The socio-cultural fabric is also undergoing a rapid evolution in Tier 2 and Tier 3 cities with more women and marginalized communities joining either the workforce or becoming entrepreneurs. This is unlocking tremendous potential energy. As these previously unrepresented communities create opportunities, become successful, and encourage others to dream, it’s creating a virtuous cycle of social and financial inclusion. That’s driving up the number and types of people having free fund flow capacity at their disposal.
These factors together create a vast pool of financially stable investors that can be targeted by financial institutions and independent financial advisors alike. Their aim should be to create supporting engagement models that encourage them to spend a part of their wealth in the markets in mutual funds and stock market investments. But winning their confidence requires something more than the traditional strategies adopted for wooing customers from Tier 1 locations. Here are some tips.
While it is true that people in Tier 2 and Tier 3 cities have the income to spare for investment, they may not have the appetite for scale of those in Tier 1 locations. Hence, to get them on board to invest in the markets, they need to be offered personalized options with relatively smaller tokens of investments. Monthly investment programs, split-investment programs in multiple debt and equity instruments and other smaller investment portfolios are likely to gain more attention from investors in these locations rather than huge lump sum investments.
The rising internet literacy and obsession for self-learning via freely available sources like YouTube videos and social media influencer lessons is one behavioural trait that can be tapped into by independent financial advisors to gain more access to investors from Tier 2 and Tier 3 cities. By building a sizeable online presence and regularly posting informative content in the form of videos, animations, or presentations on social media, it becomes easier for these IFAs to gain the trust of this new category of investors.

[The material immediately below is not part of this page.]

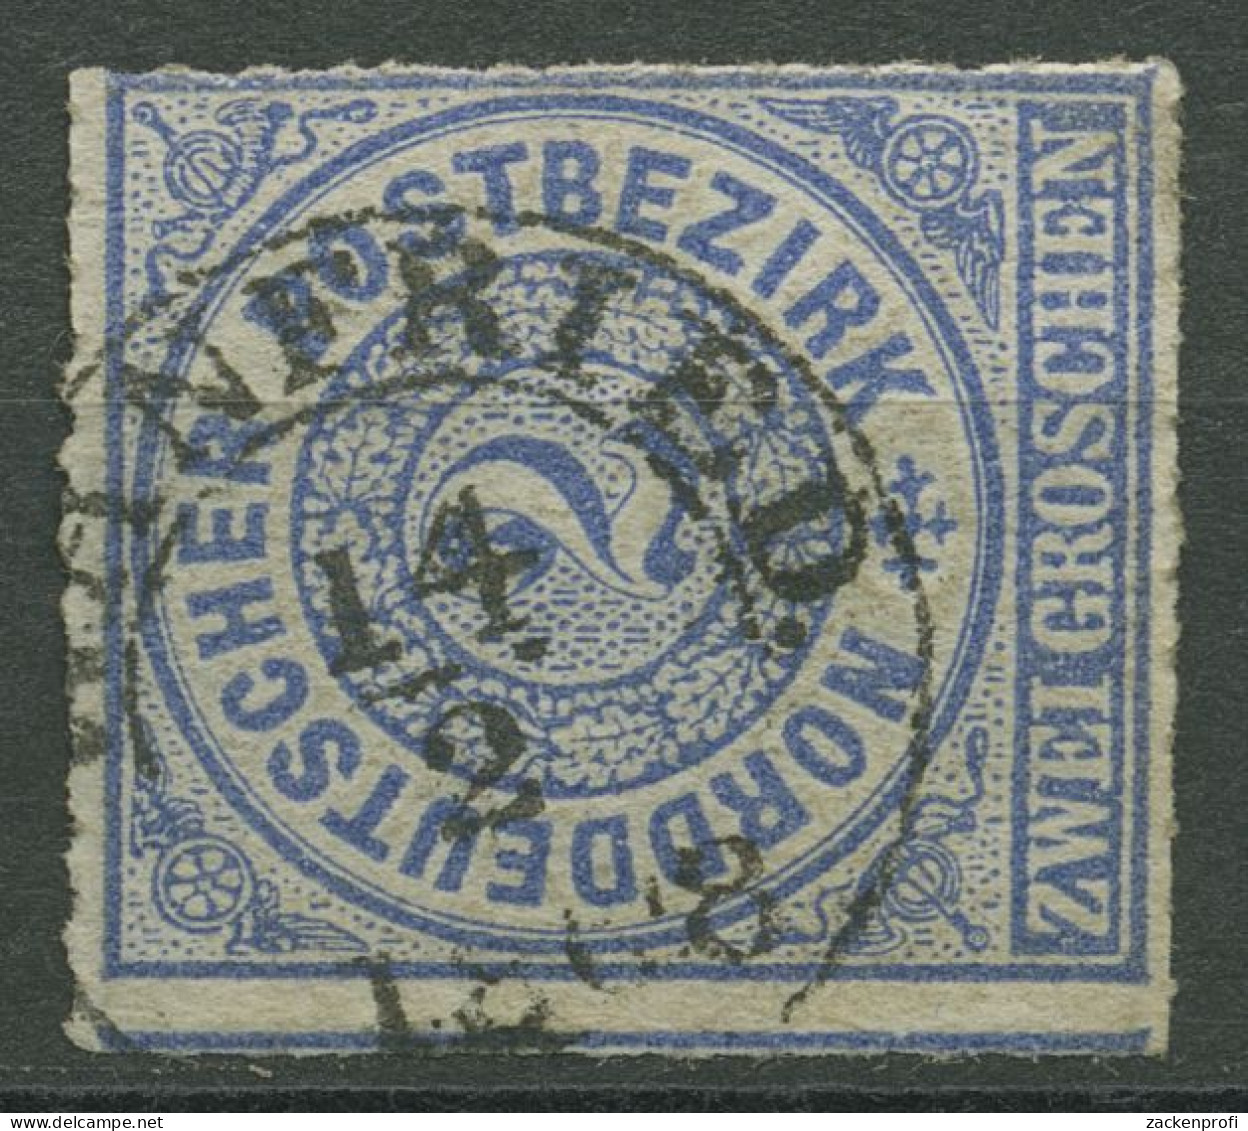 Norddeutscher Postbezirk NDP 1868 2 Groschen 5 Mit T&T-K2-Stempel WANFRIED - Gebraucht

Millennials and Gen Z customers, even those from the smaller towns have an inherent affinity towards digital services. The sense today is that their first investments into the market are likely to be via a fintech app rather than through a physical hedge fund or stockbroker office. This is one of the key reasons why platforms like Zerodha handles the stock and mutual fund aspirations of over 3.4 million people in India. So, in Tier 2 and Tier 3 towns, partnering with fintech players can unlock a goldmine of opportunities to win new customer accounts.
India still has only 3.7 % of its 1 billion-plus population investing in the equity market. This figure will have to rise significantly if the nation has to achieve the 5 trillion dollar economy status in the coming years. Ensuring wider participation from investors in Tier 2 and Tier 3 cities and towns will be one of the major strategic initiatives that need a push to realize the goal.